Educational leaders have the responsibility of creating effective learning communities (Strike, 2007), ones that are built and sustained by ethical leadership (Glanz, 2006; Sergiovanni, 1992; Starratt, 2003). Ubben, Hughes, and Norris (2007) advised that a school leader in a learning community must structure an organization in a way that allows individuals to “continually [expand] their capabilities to shape their future—leaders are responsible for learning” (p. 25). Owings and Kaplan (2003) and Levy (2004) concurred. The quality of each individual within an organization determines the quality of the organization in its entirety (Strike). The ISLLC (CCSSO, 1996) and ELCC (NPBEA, 2002) standards suggested that school administrators must exemplify an ability to foster a school culture contributing to both student learning and staff growth. When students and faculty members are connected within a learning community, they view themselves as team members working together to attain moralistic objectives (Petty, Lim, Yoon, & Fontan, 2008; Strike, 1999).

Ethics is a part of every decision a leader must make, and the ethical integrity of a leader guides every choice (Northouse, 2004). Leithwood and Riehl (2003) emphasized that effective leaders must model appropriate actions and dispositions. Followers’ perceptions of their ethical integrity greatly affect the overall success of those leaders (Craig & Gustafson, 1998).

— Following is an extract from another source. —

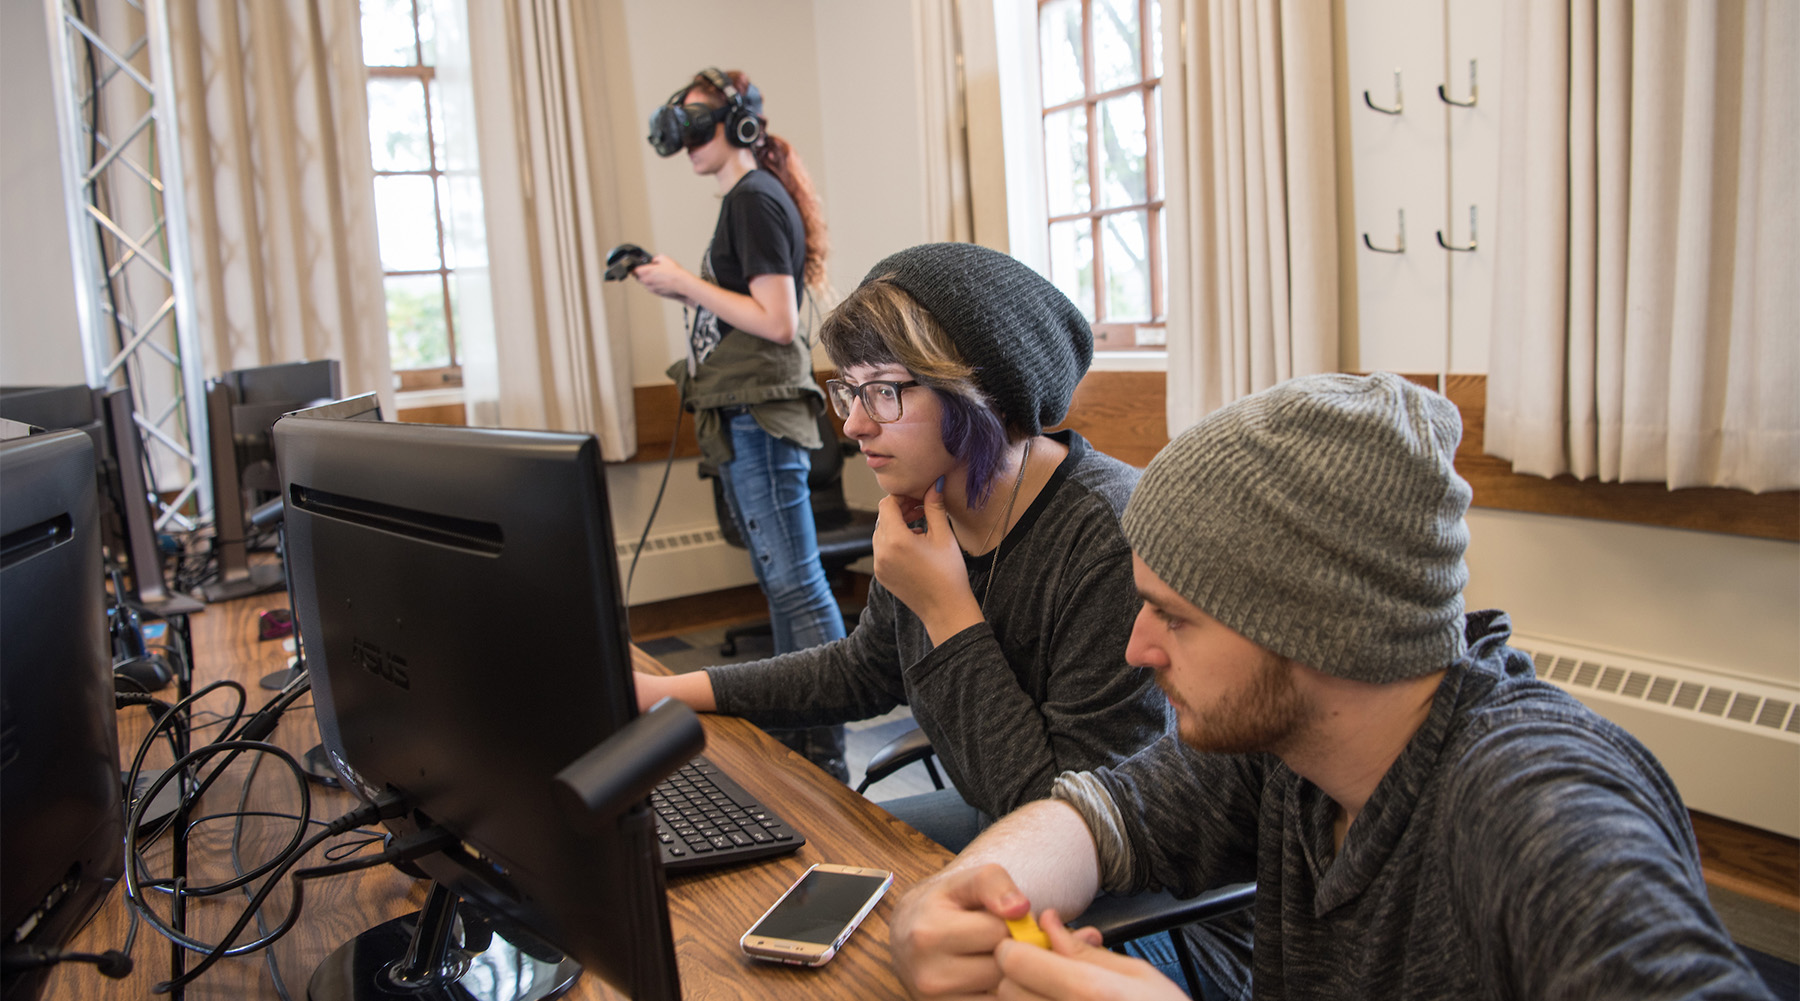 Two students work at a computer while another tests out VR equipment.

Sergiovanni (2007) suggested the culture within the school is what holds the organization together, and at the center of a positive culture is a cohesive vision and strong values. An ethical organization cannot function for long without an ethical leader (Aronson, 2001). Aronson described ethical leadership as not only fostering ethical behavior, but, more importantly, promoting effectiveness. Effective schools are healthy schools (Browne, 2002); they are organizations that avoid persistent, systemic ineffectiveness (Miles, 1965). Healthy schools have effective principals who are dynamic, supportive, and influential (Hoy & Tarter, 1997). The creation of healthy schools lies in the hands of the principals (Leithwood & Riehl, 2003; Miles, 2002; Sergiovanni, 2006).

This study examined the multiple aspects of organizational health and the effects leaders have on this important ethical concept. Although this is a single study, it involved more than 600 instructors in the Southeastern US and the implications are broad ranging with comprehensive leadership principles for today’s leaders of educational programs using instructional technologies.



Ciulla (1995) argued that researchers were spending too much time researching the definition of leadership; instead, they should have been determining what characteristics made a good leader. In a more recent article, Ciulla (2003) proposed that a good leader was not simply effective, but also morally good. Therefore, the question of concern posed from Ciulla’s earlier article became whether ethics was actually the difference between a good leader and an effective one.